Start of Exercise inputs

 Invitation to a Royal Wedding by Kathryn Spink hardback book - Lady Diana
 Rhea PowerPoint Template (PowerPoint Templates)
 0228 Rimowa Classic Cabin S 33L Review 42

End of Exercise inputs
Start of Exercise inputs

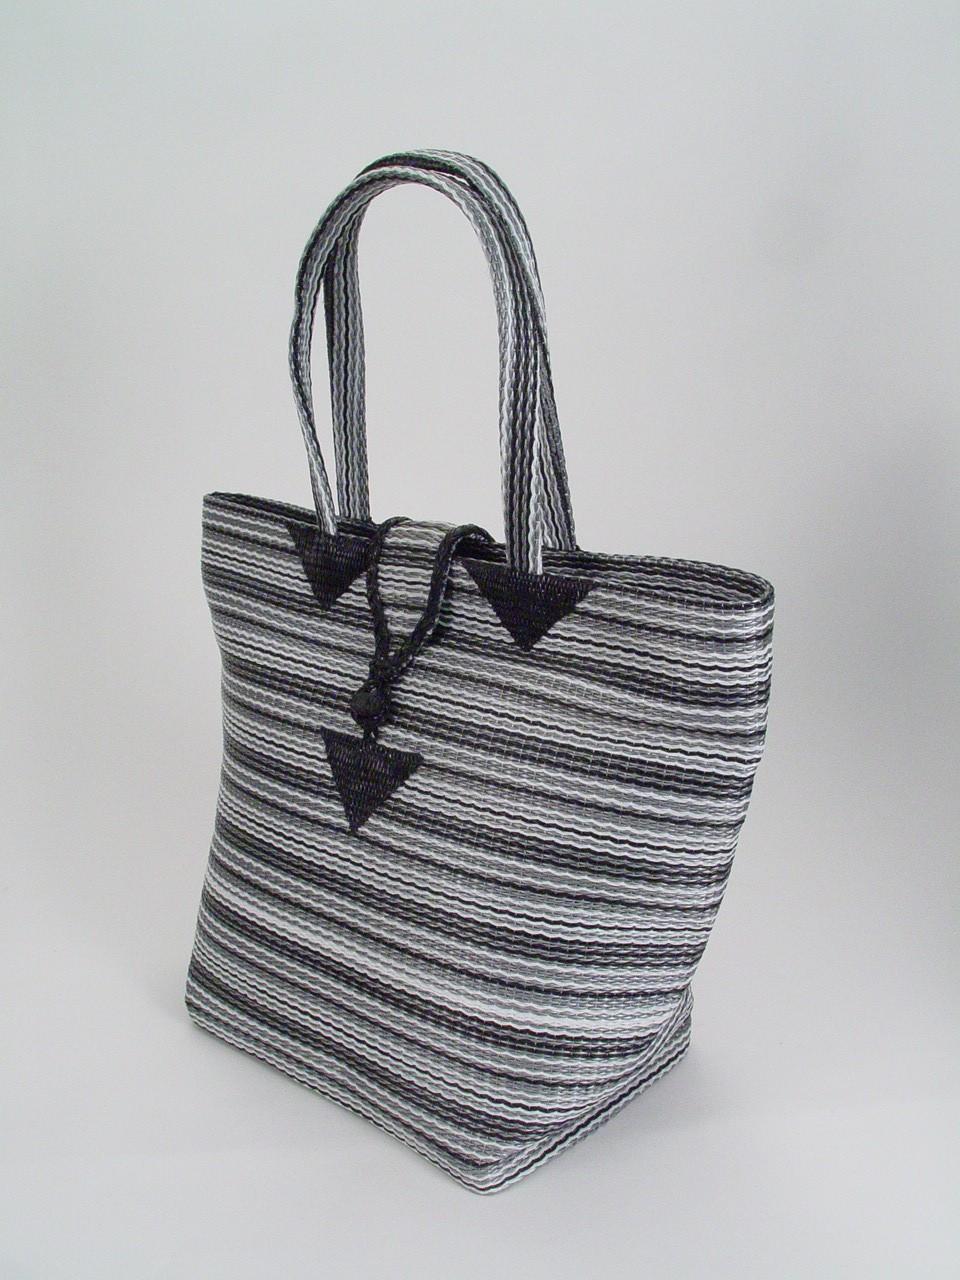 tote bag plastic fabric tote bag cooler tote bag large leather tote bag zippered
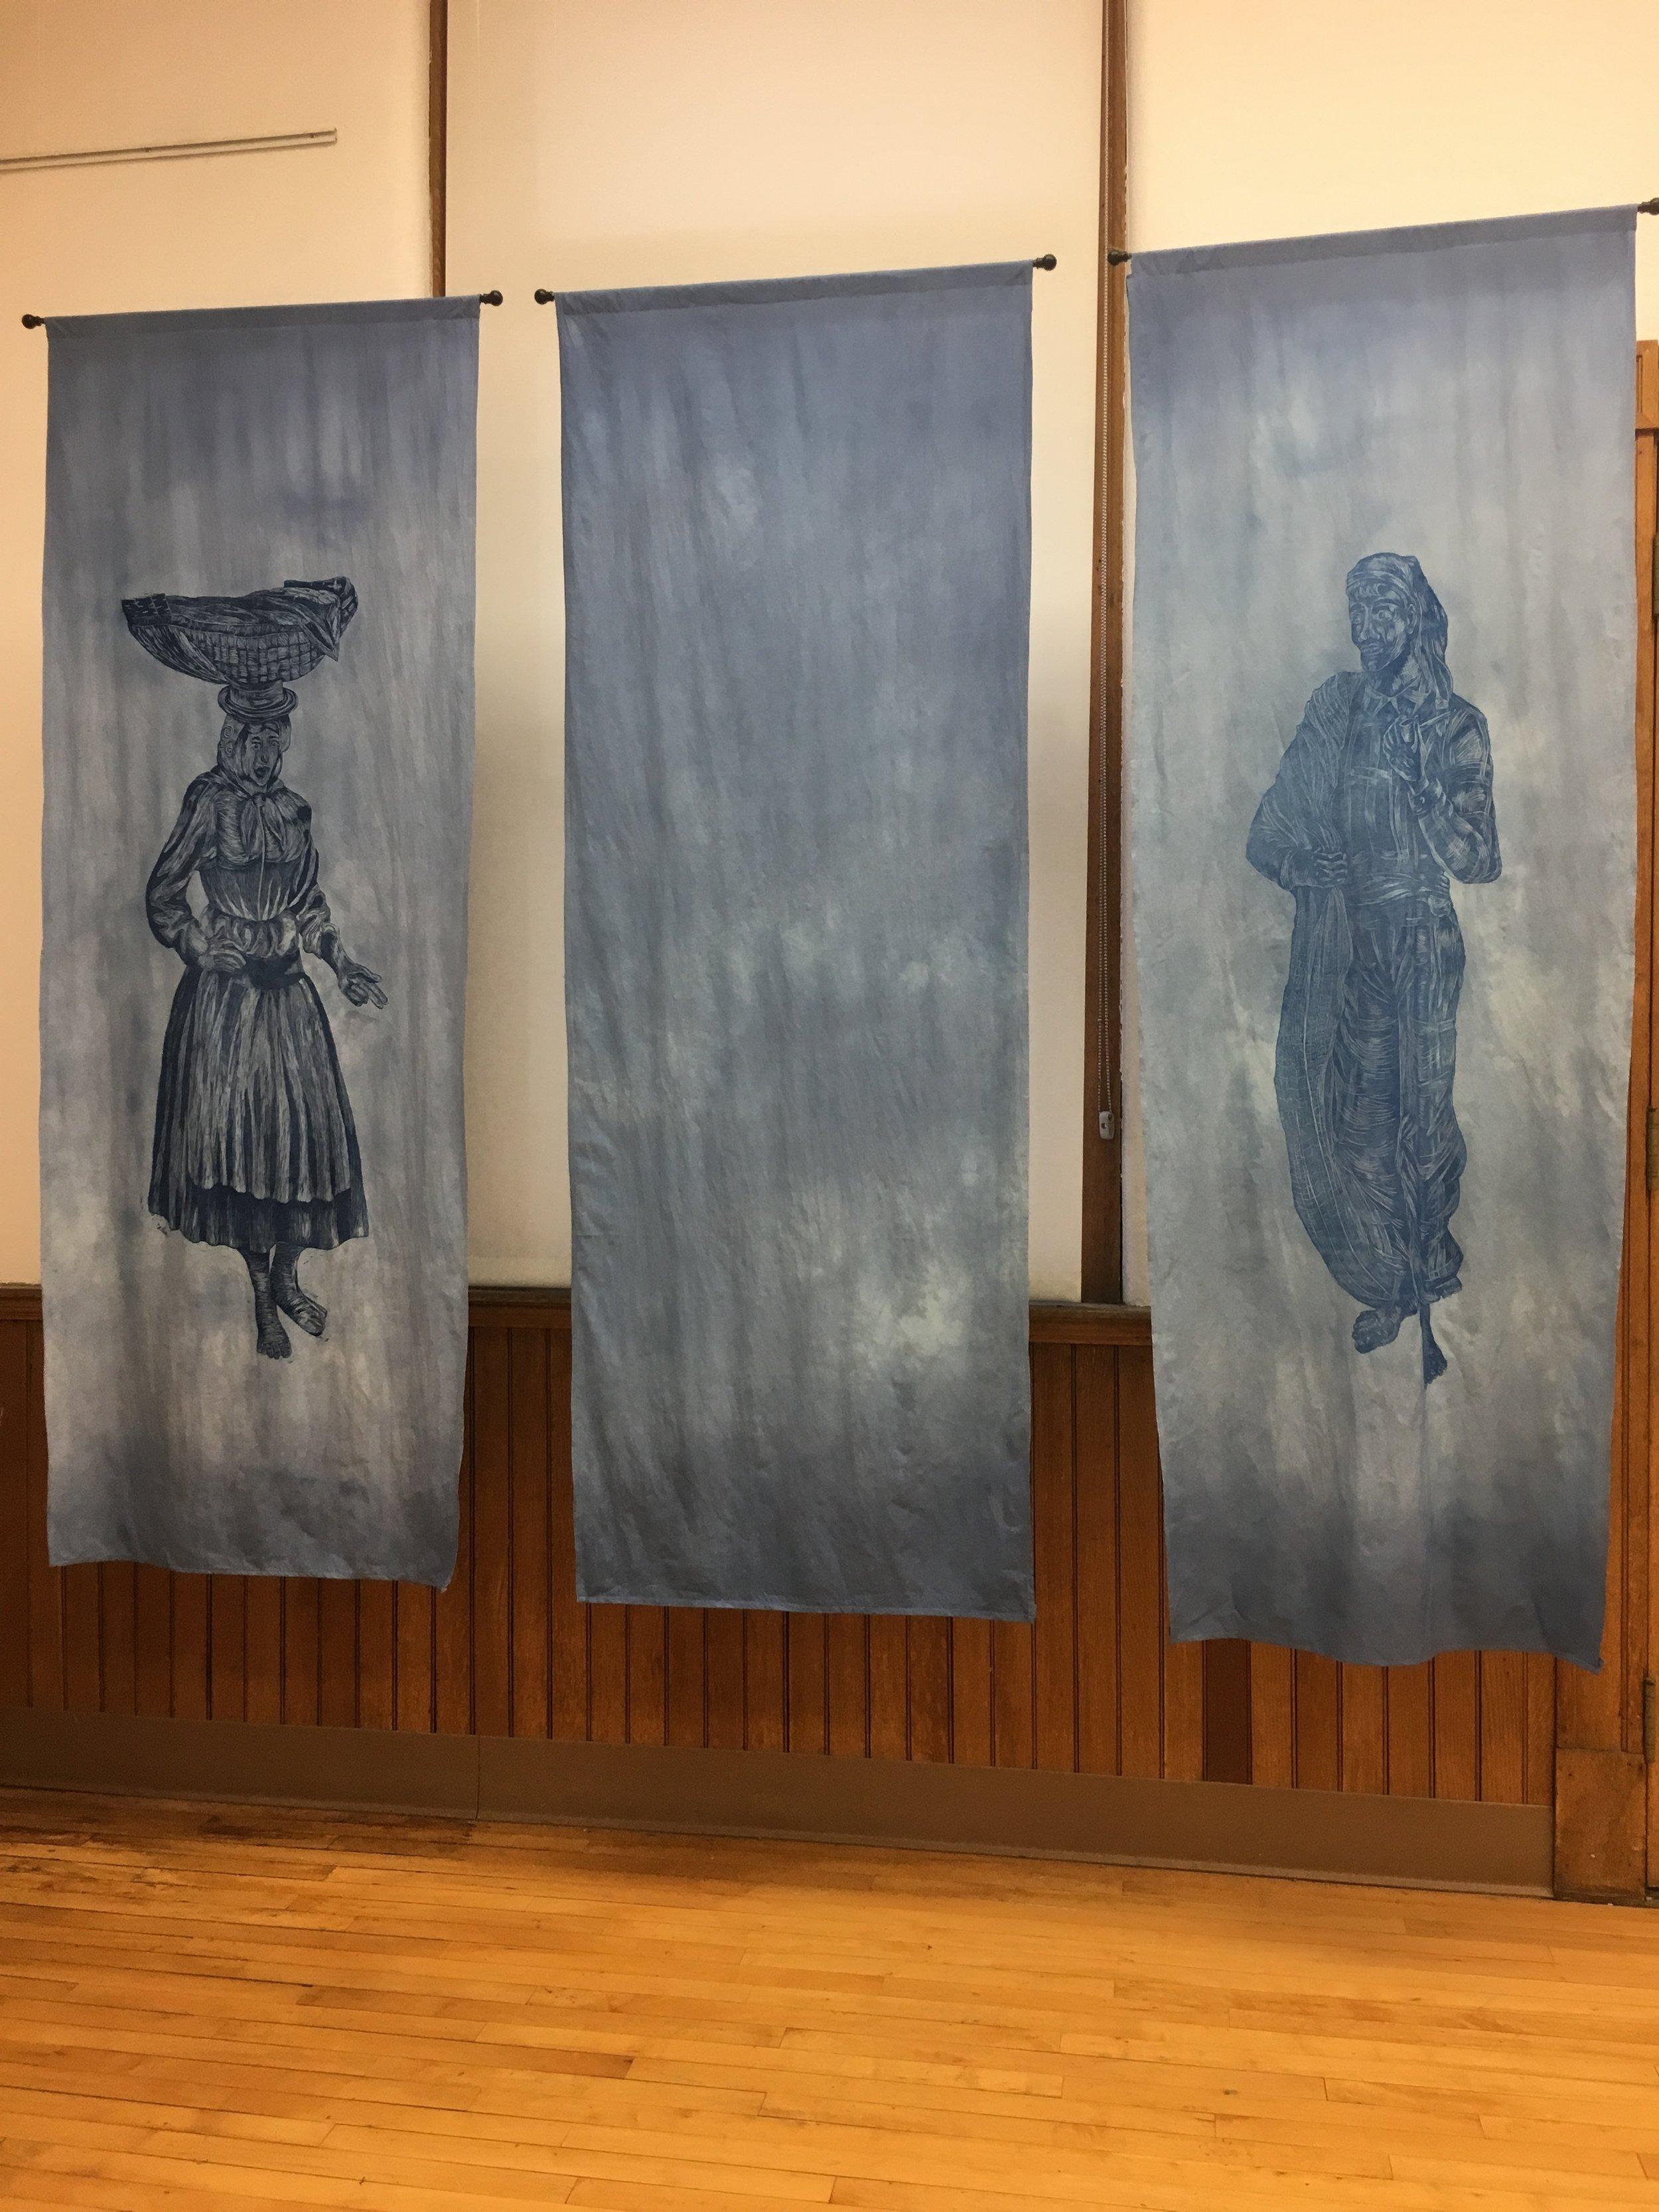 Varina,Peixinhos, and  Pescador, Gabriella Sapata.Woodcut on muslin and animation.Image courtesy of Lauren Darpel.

End of Exercise inputs

● **Aim of the task**:
Please give back exactly the lines of this listing beginning at the line with "Rhea PowerPoint Template" and ending with the line with "0228 Rimowa Classic Cabin S 33L Review 42", both included, and nothing else.

● **Task answer**:
 Rhea PowerPoint Template (PowerPoint Templates)
 0228 Rimowa Classic Cabin S 33L Review 42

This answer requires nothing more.